[Data supplied]:
-- Opening Marker --
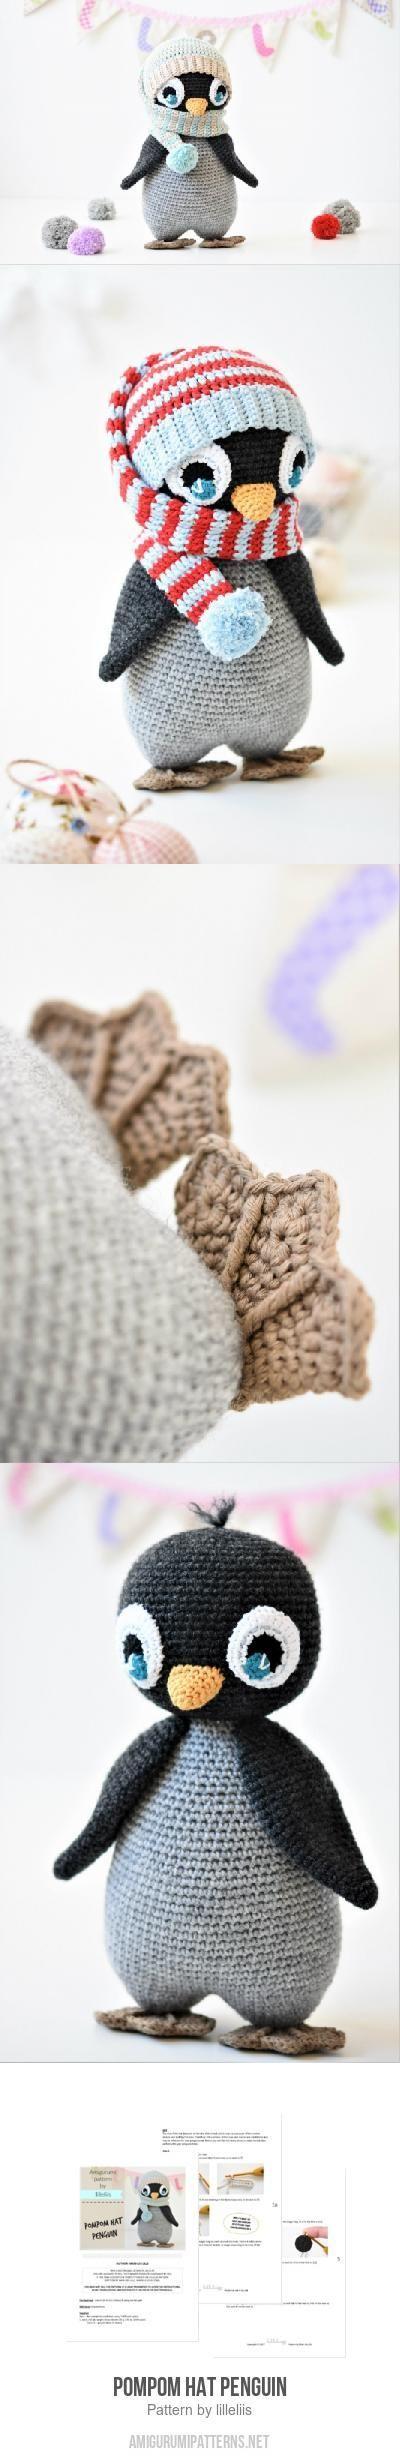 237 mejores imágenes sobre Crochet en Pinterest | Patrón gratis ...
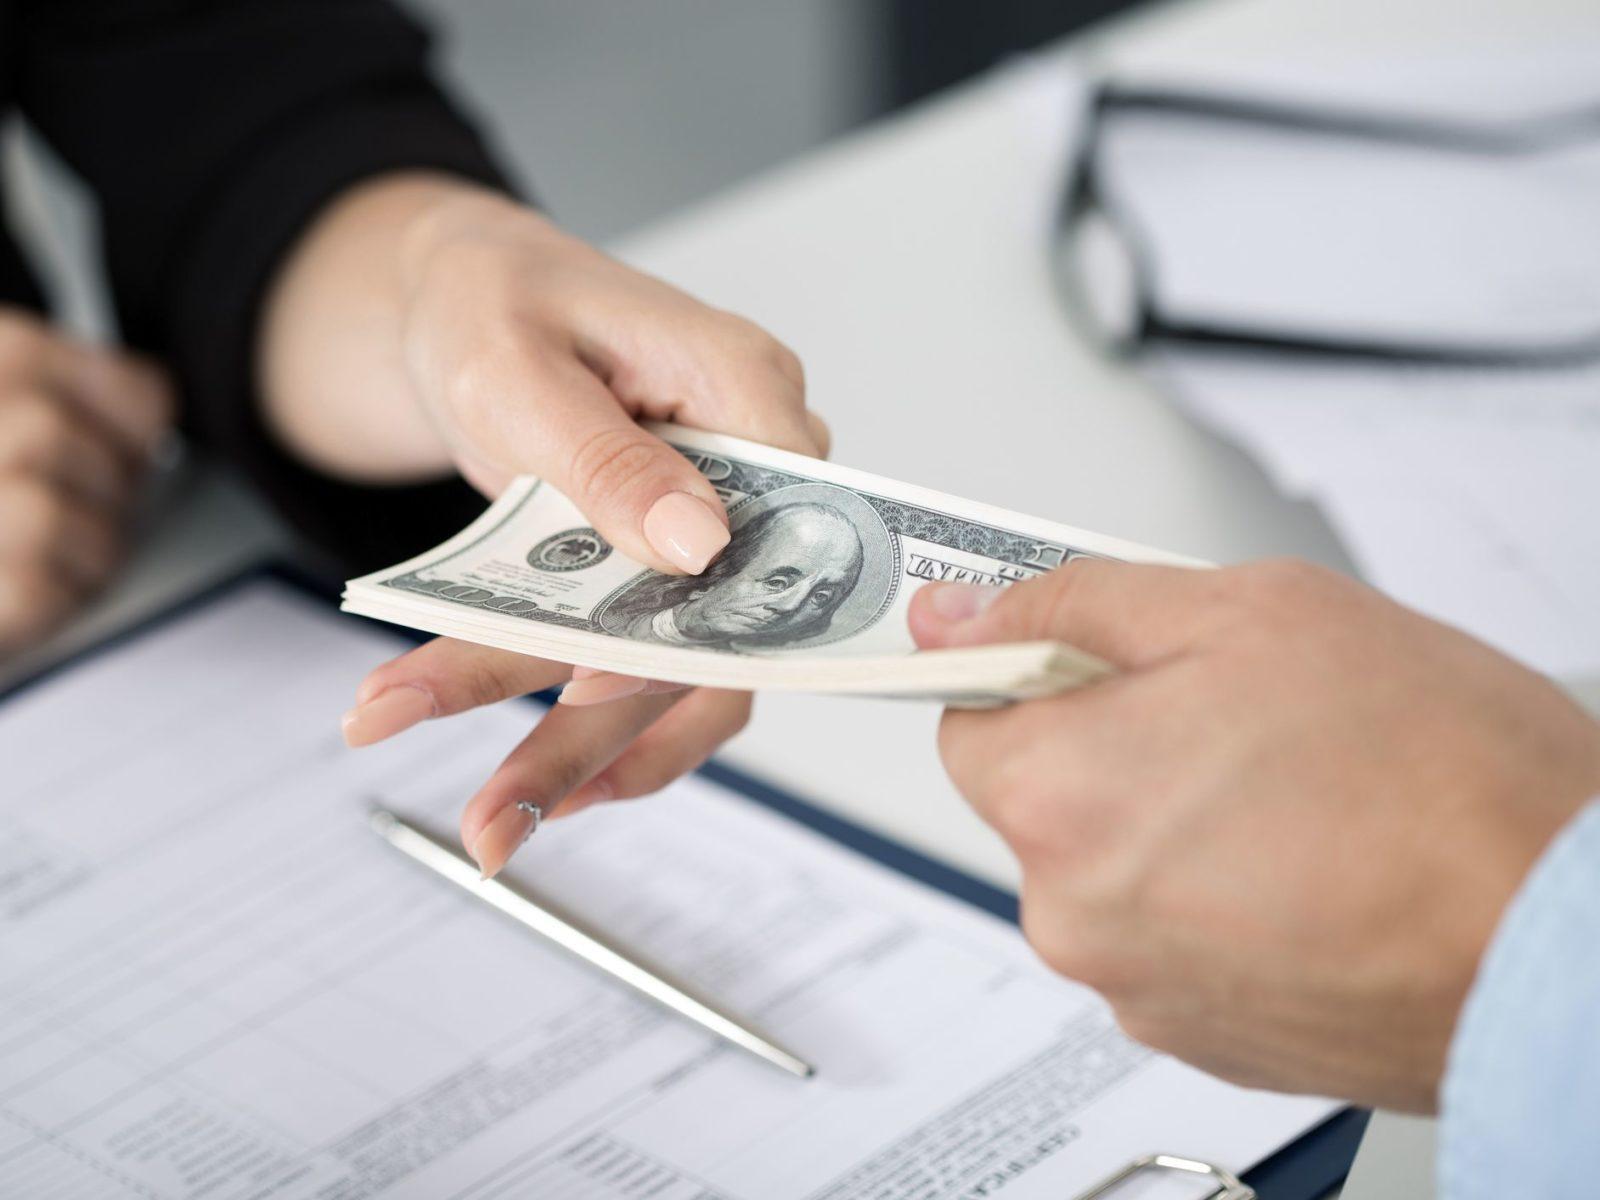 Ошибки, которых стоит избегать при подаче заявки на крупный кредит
-- Closing Marker --
-- Opening Marker --
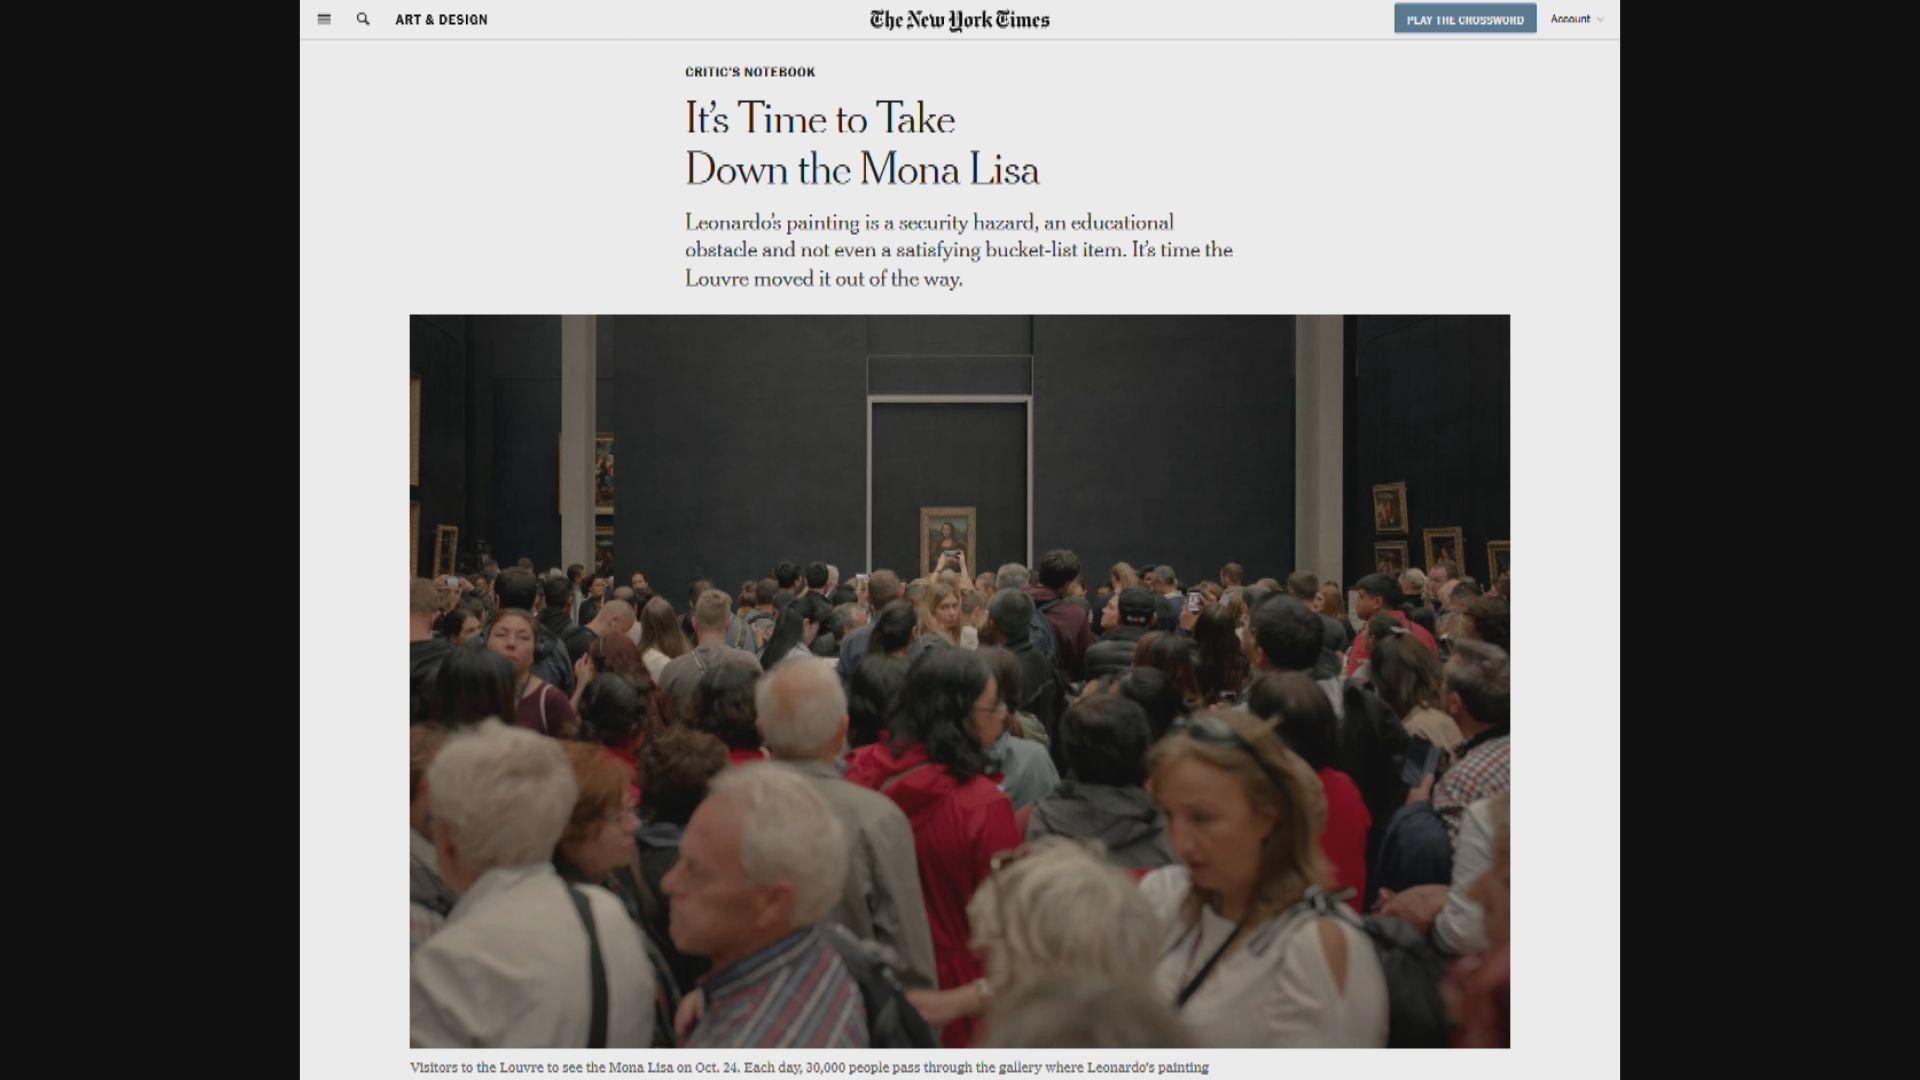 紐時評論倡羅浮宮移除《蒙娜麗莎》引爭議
-- Closing Marker --
[Problem details]: Please output, exactly as written, the lines above from the one holding "237 mejores imágenes" through the one holding "Ошибки, которых стоит", both included, with the pictures omitted.

[Answer below]:
 237 mejores imágenes sobre Crochet en Pinterest | Patrón gratis ...
 Ошибки, которых стоит избегать при подаче заявки на крупный кредит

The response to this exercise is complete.